At the moment, there’s no scientific evidence to say that McDonald’s french fries make for a conducive pregnancy enviroment, but the idea behind the potato snack guzzling is that the extra sodium present that helps to make those fries extra delicious (also a bit more deadly) is also the key ingredient to triggering fertilization in a lady’s womb.
I have many questions. Not with the scientific reasoning behind this rather odd pregnancy trend (though that’s pretty ambiguous too), but the logistical problems, more than anything. Assuming you order your McDonald’s online, how do you make sure that you time everything right, ensuring your lovemaking isn’t rudely interrupted by an impatient UberEATS driver in the middle of an intense run?

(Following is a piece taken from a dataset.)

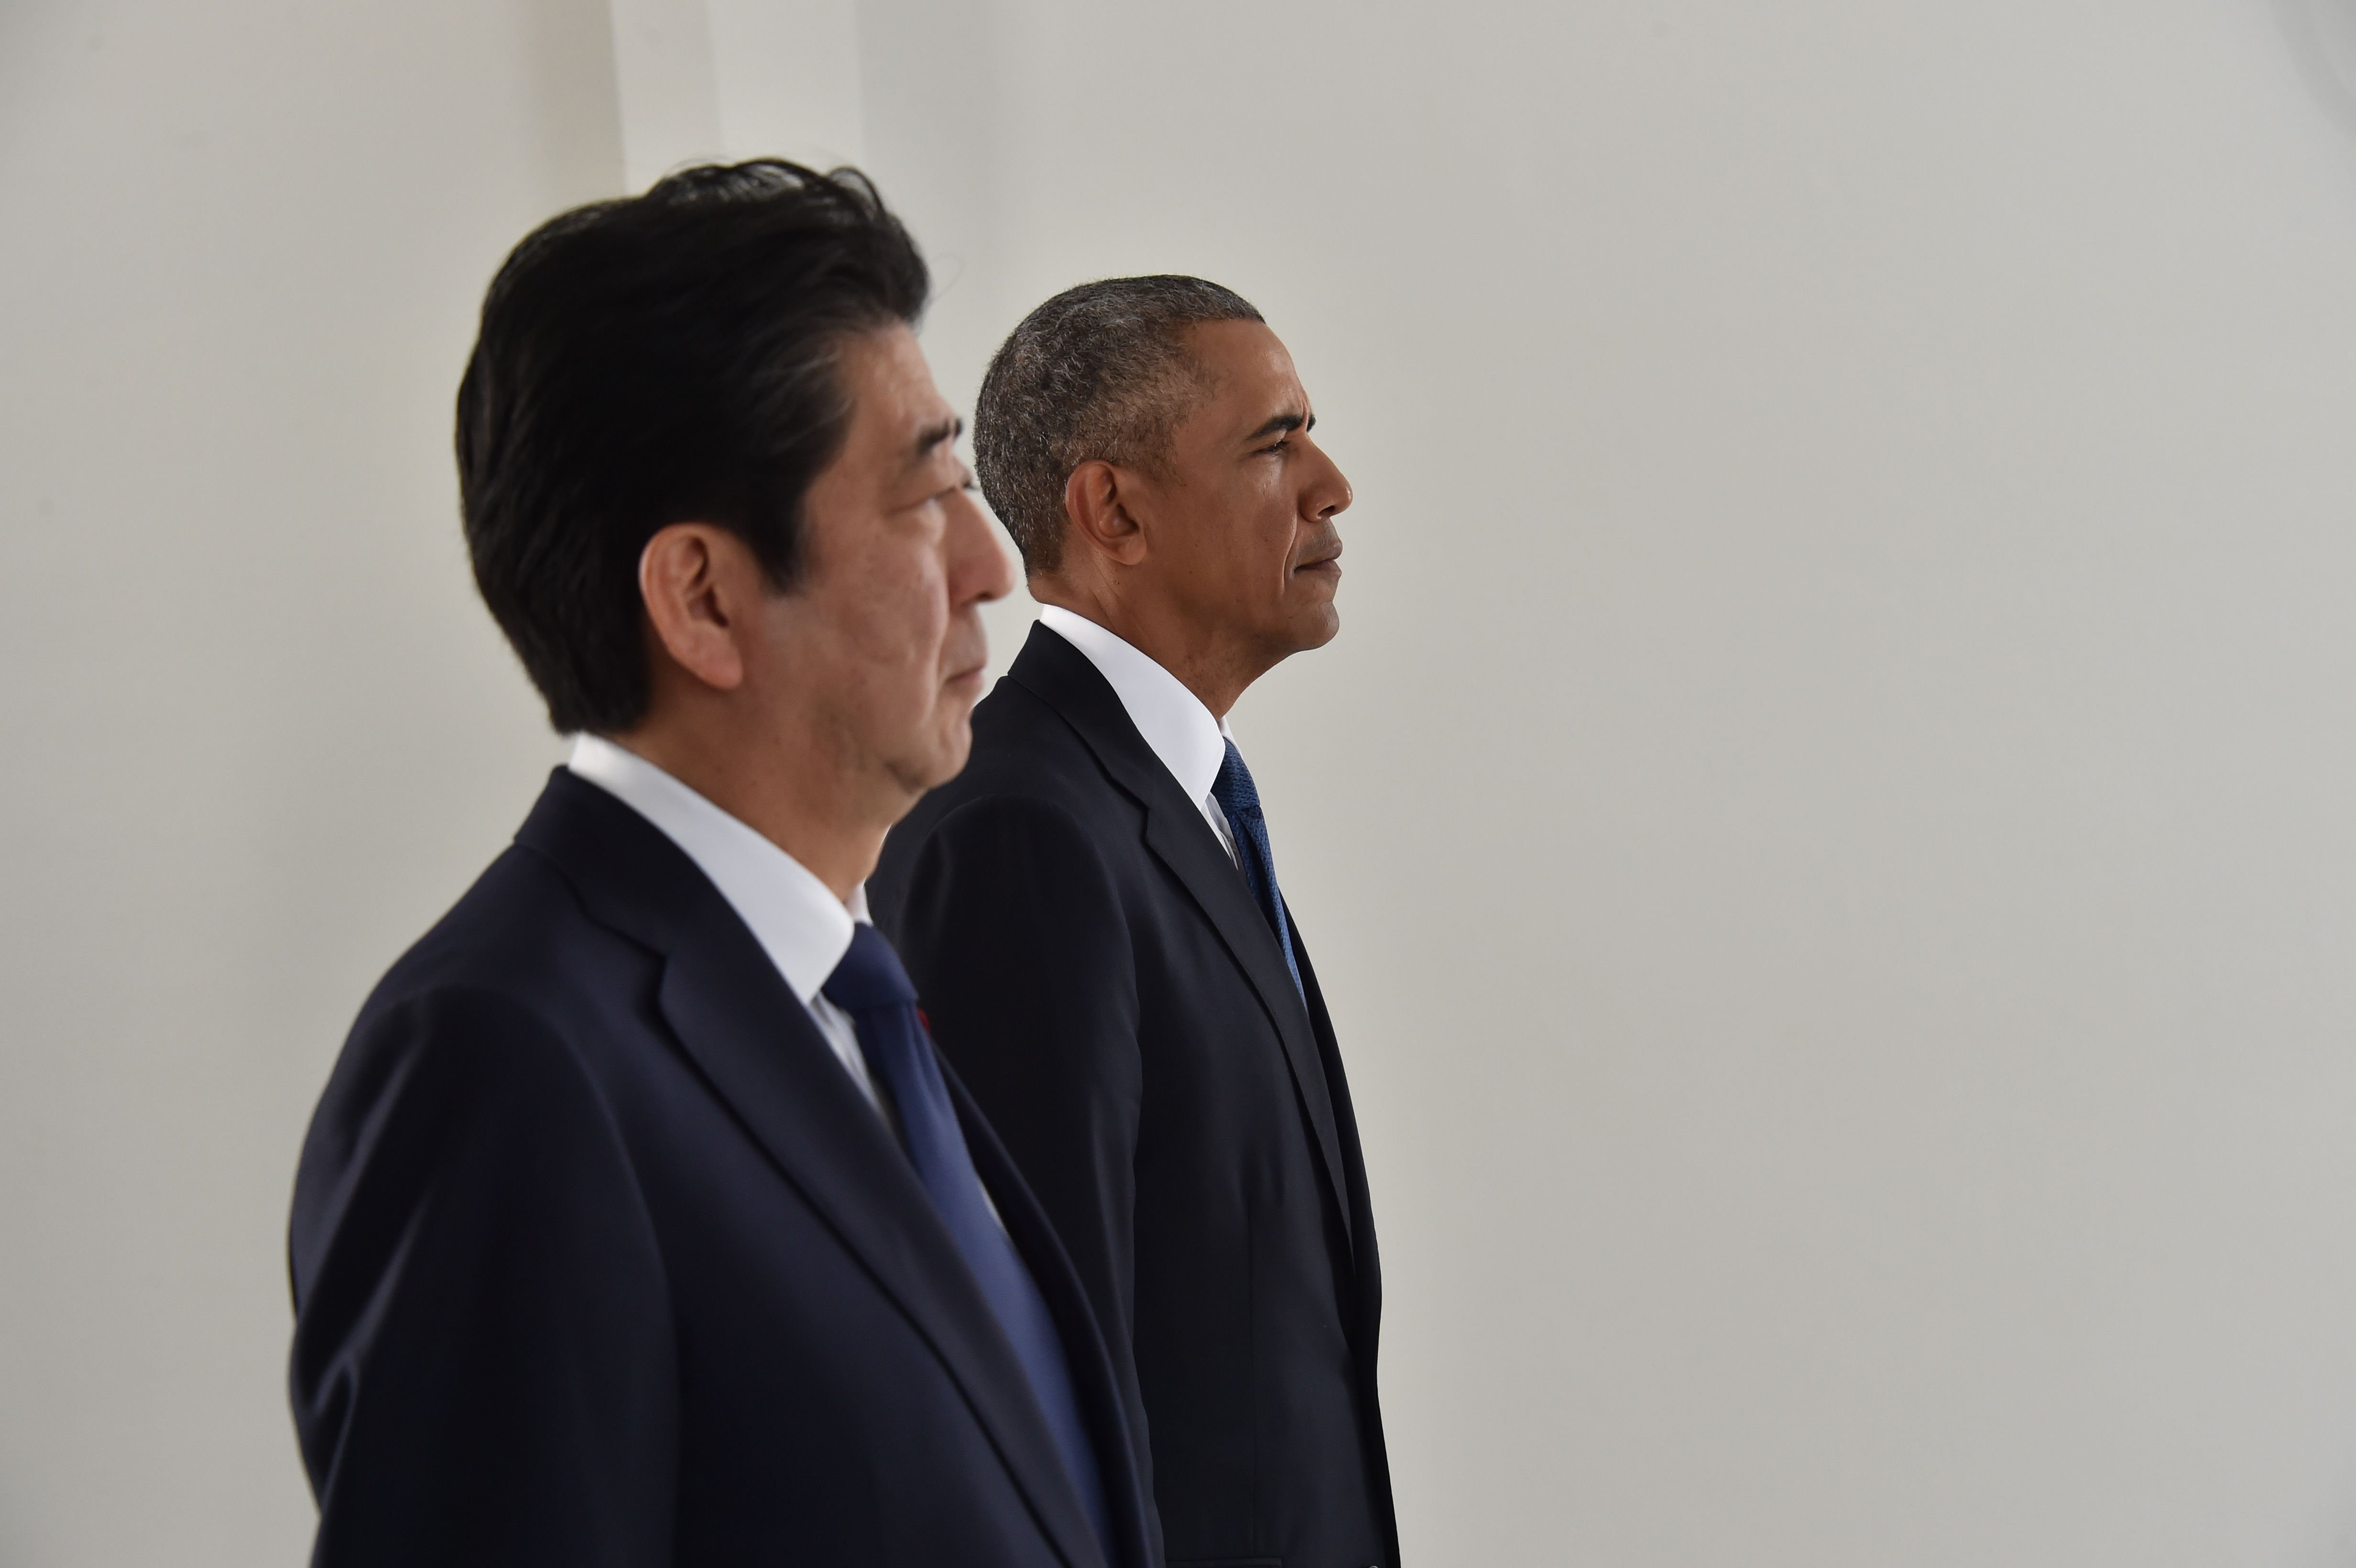 رئيس أمريكا و رئيس وزراء اليابان يزوران بيرل هاربور

Assuming you don’t order online and that you bring the french fries home before you have sex, how do you keep the french fries warm until you’re finished? There’s nothing that can ruin the mood quicker than stale french fries. Do you bring them into the bed with you? Do you install some kind of french fry cooker in your bedroom?
If anyone out there’s tried this and have successfully gotten pregnant, please let me know how you did it. In detail, please. In the meantime, I wish every hopeful couple out there the best of luck in starting a family. No matter what they eat to help them out.